BEGIN

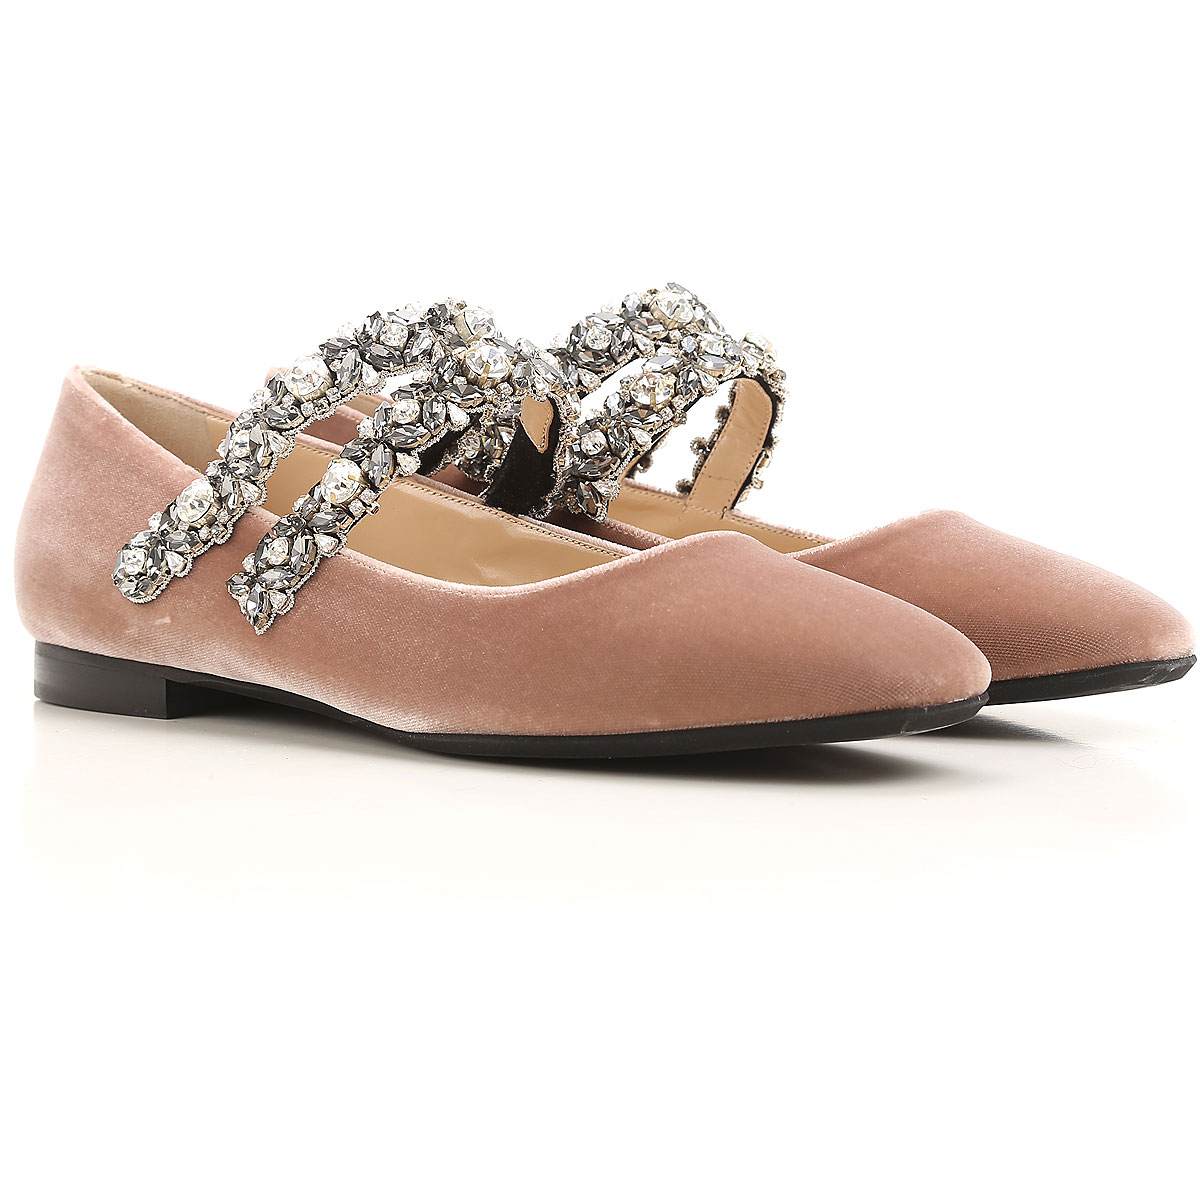 NO 21 Ballet Flats Ballerina Shoes for Women On Sale, Old Rose, Velvet, 2019, 10 11 6 8.5
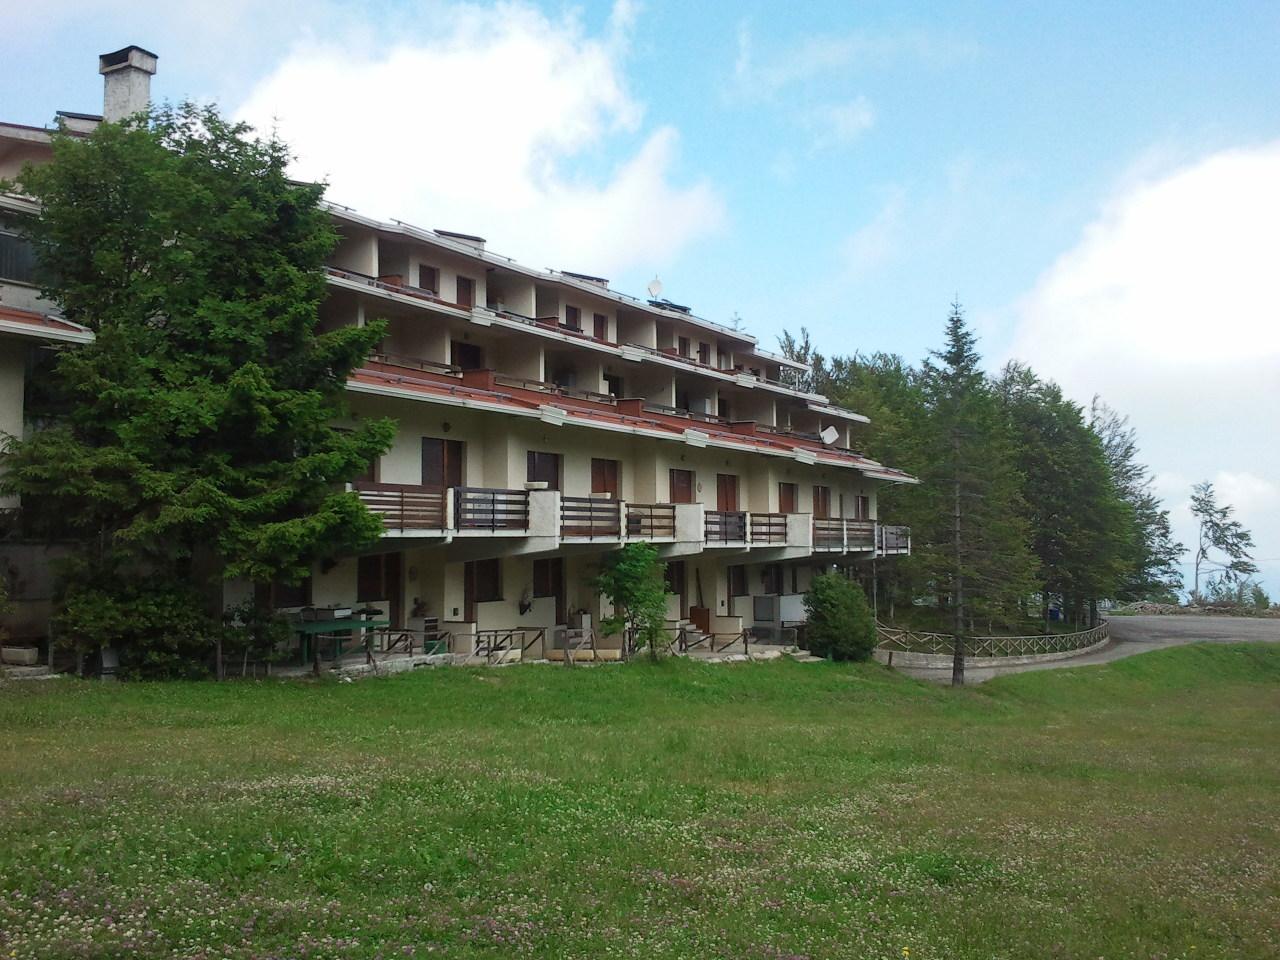 Appartamento in vendita a Ramiseto, 1 locali, prezzo € 25.000 | Cambio Casa.it
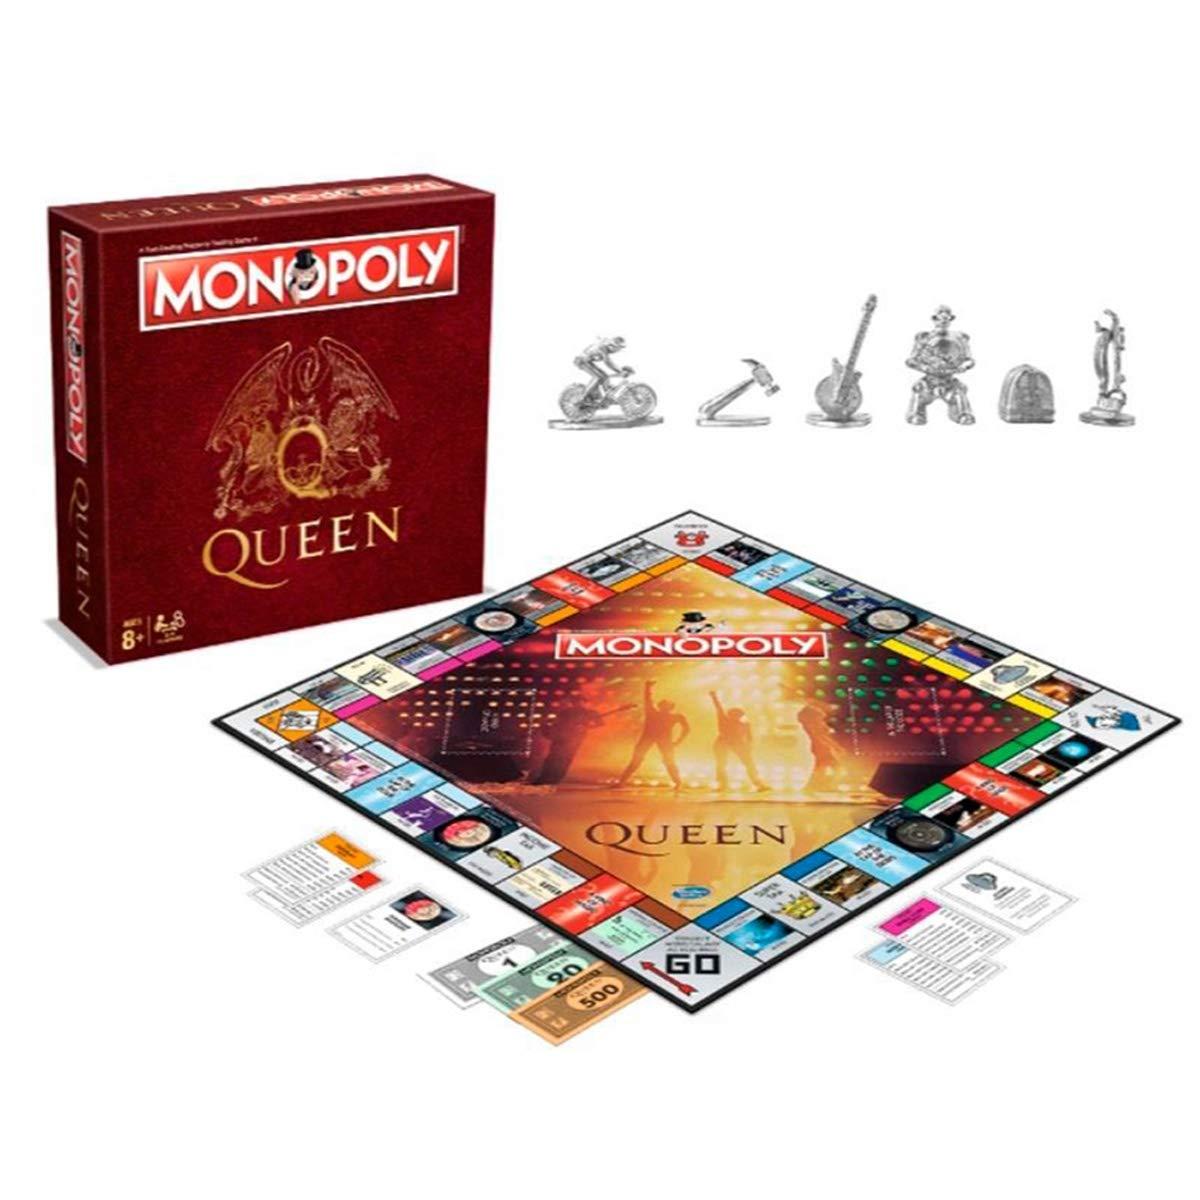 Monopoly - Oficial queen - merchandising música, Inglés: Amazon.es: Libros en idiomas extranjeros
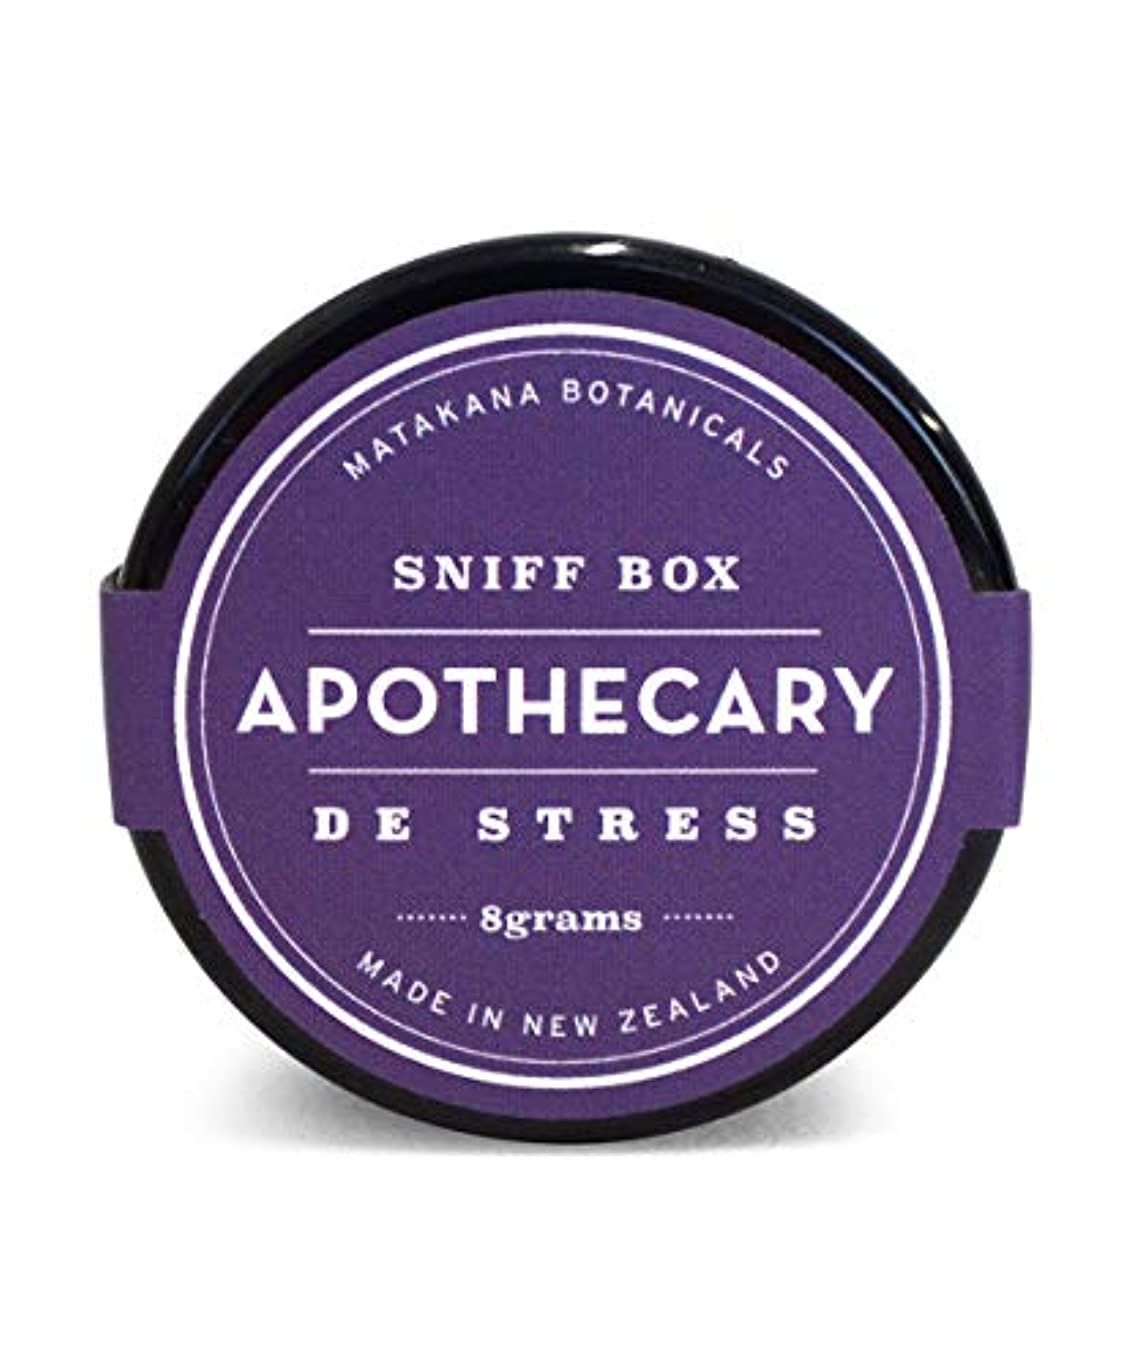 わかりやすい発見衣類APOTHECARY/スニフボックス デ ストレス アロマビーズ アロマ フレグランス 香り玉
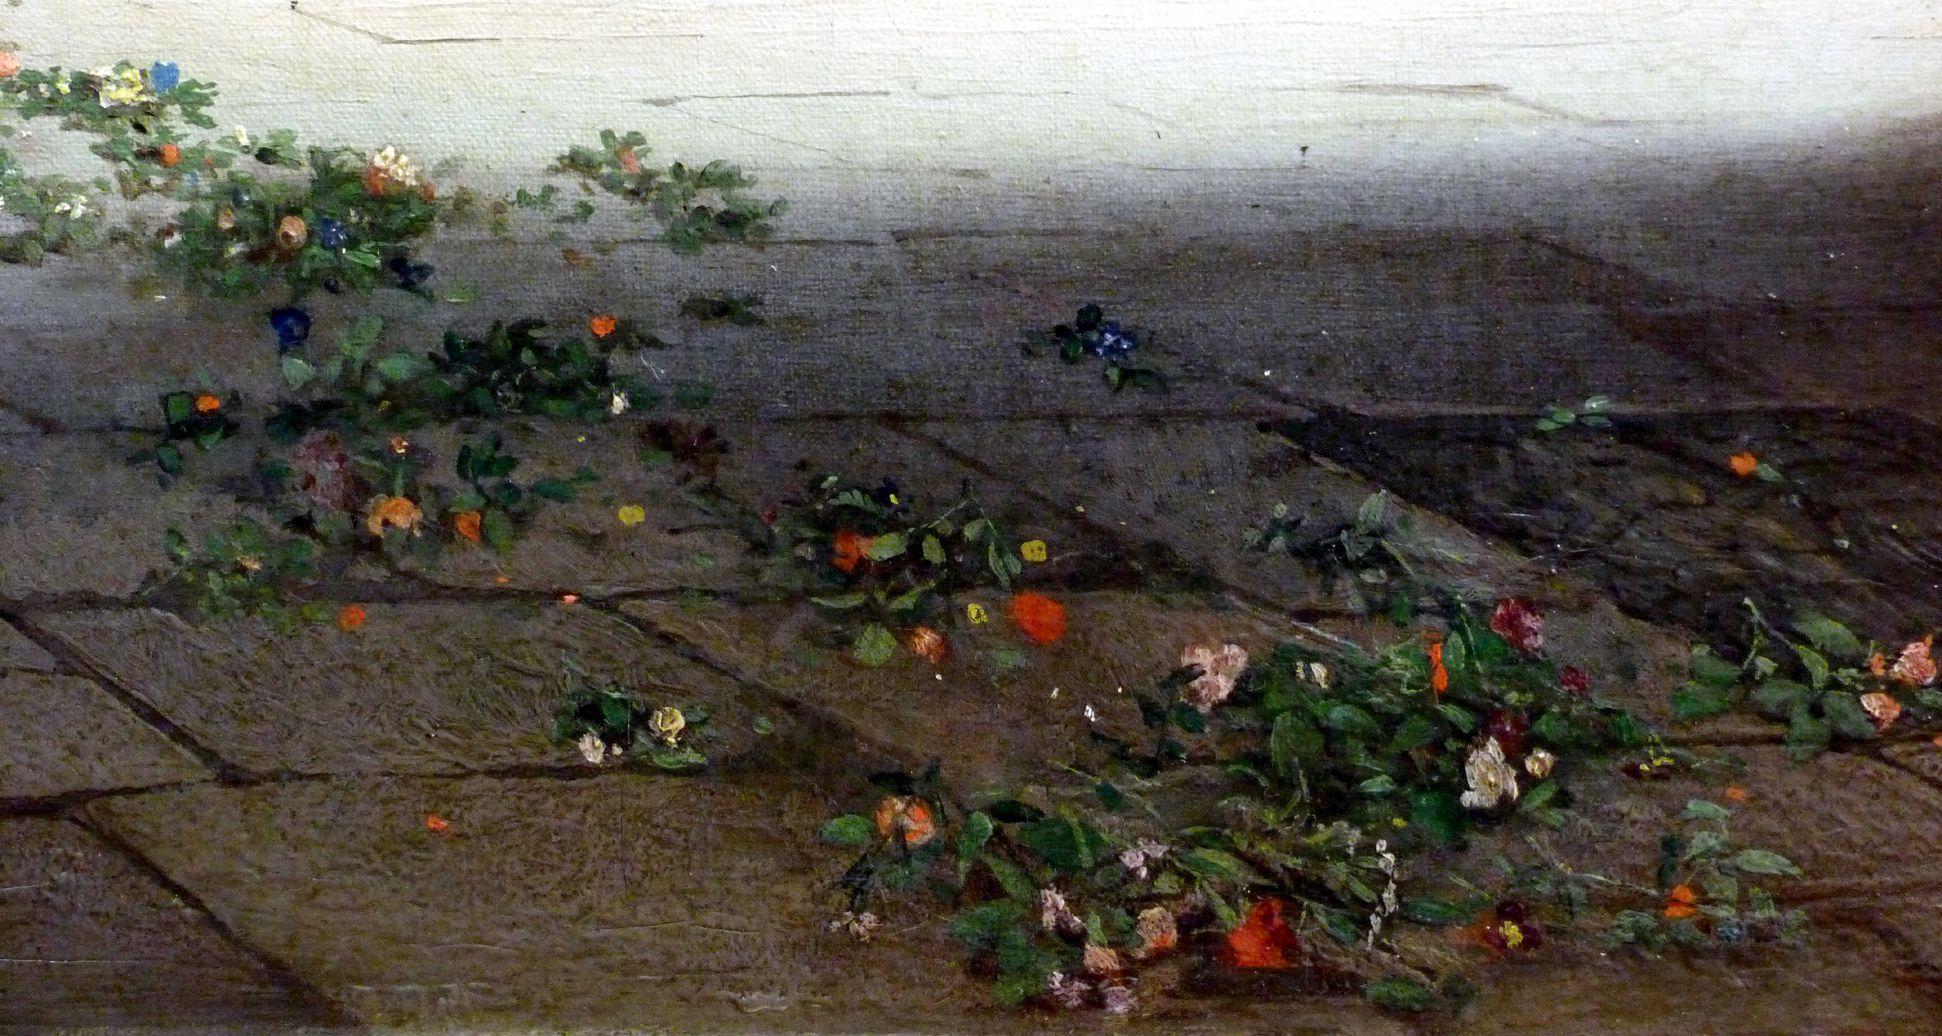 Sakramentshäuschen in der Nürnberger Lorenzkirche mit Brautzug aus dem frühen 17. Jahrhundert Blumen
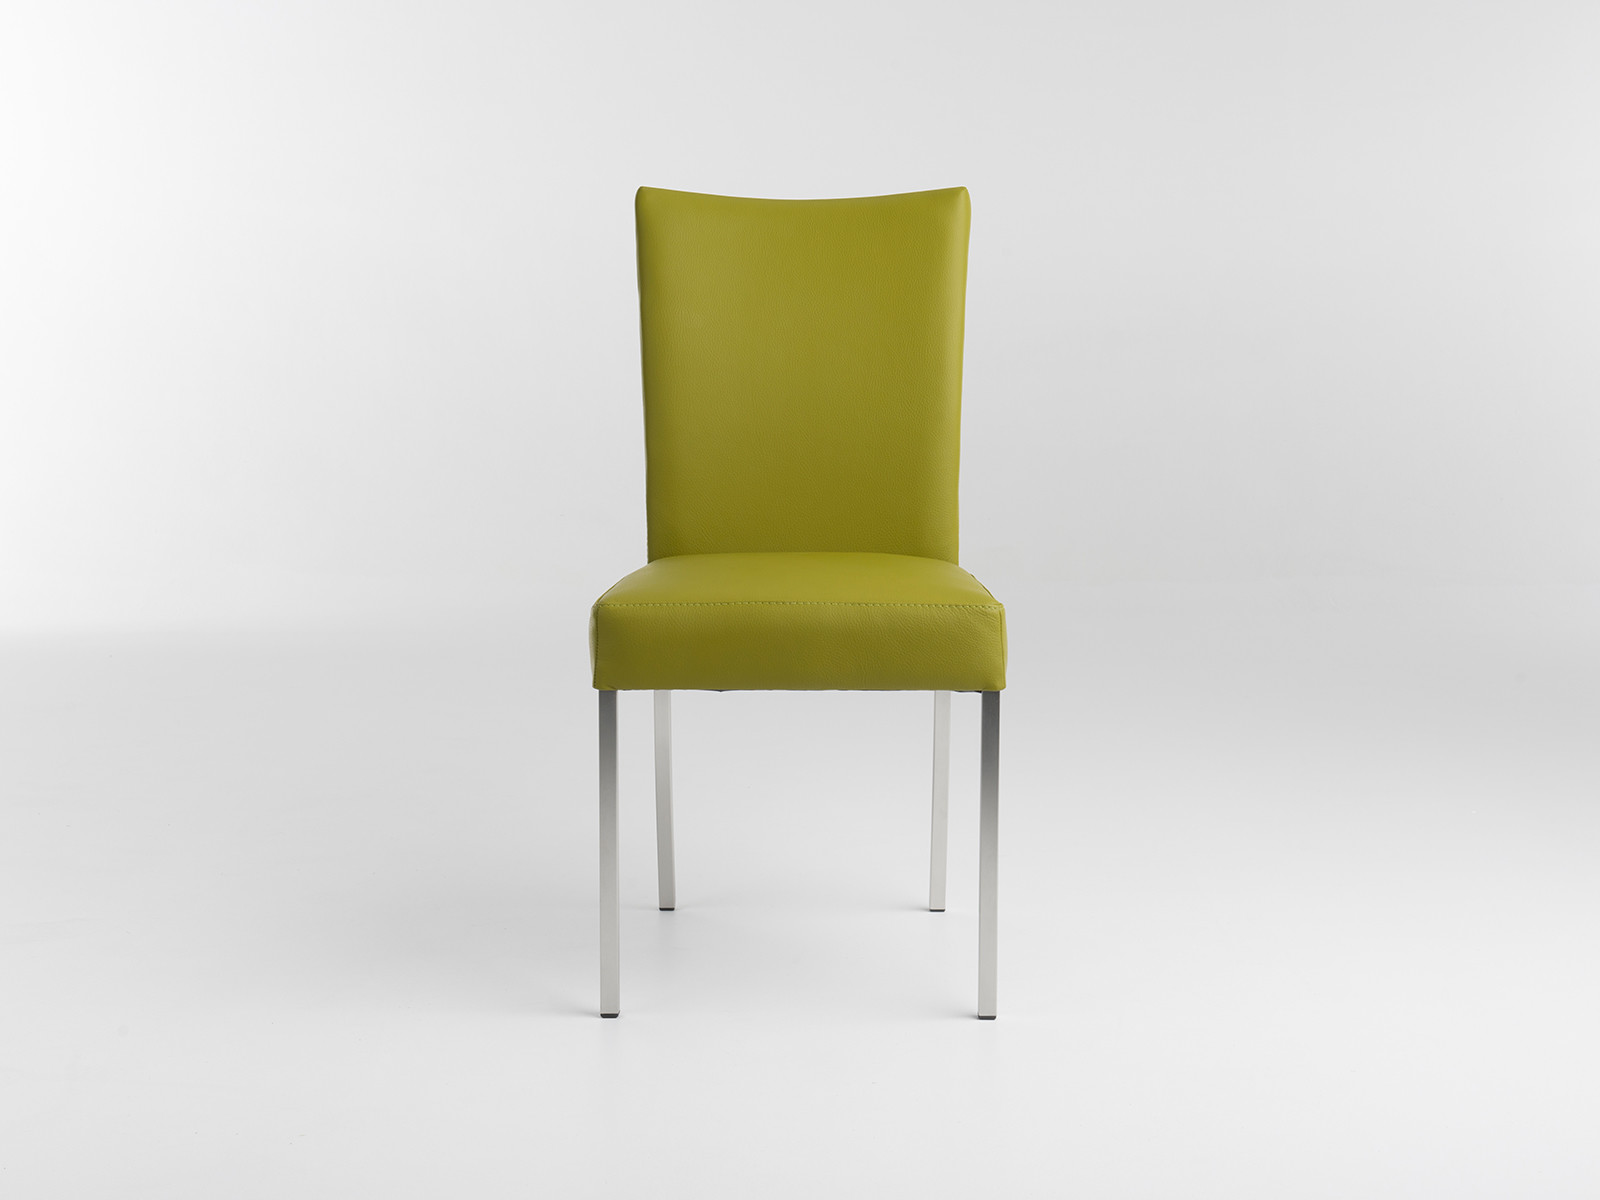 Stühle James von Bert Plantagie 05

END

Word for word, restate all of the entries above and leave each picture out.

 NO 21 Ballet Flats Ballerina Shoes for Women On Sale, Old Rose, Velvet, 2019, 10 11 6 8.5
 Appartamento in vendita a Ramiseto, 1 locali, prezzo € 25.000 | Cambio Casa.it
 Monopoly - Oficial queen - merchandising música, Inglés: Amazon.es: Libros en idiomas extranjeros
 わかりやすい発見衣類APOTHECARY/スニフボックス デ ストレス アロマビーズ アロマ フレグランス 香り玉
 Sakramentshäuschen in der Nürnberger Lorenzkirche mit Brautzug aus dem frühen 17. Jahrhundert Blumen
 Stühle James von Bert Plantagie 05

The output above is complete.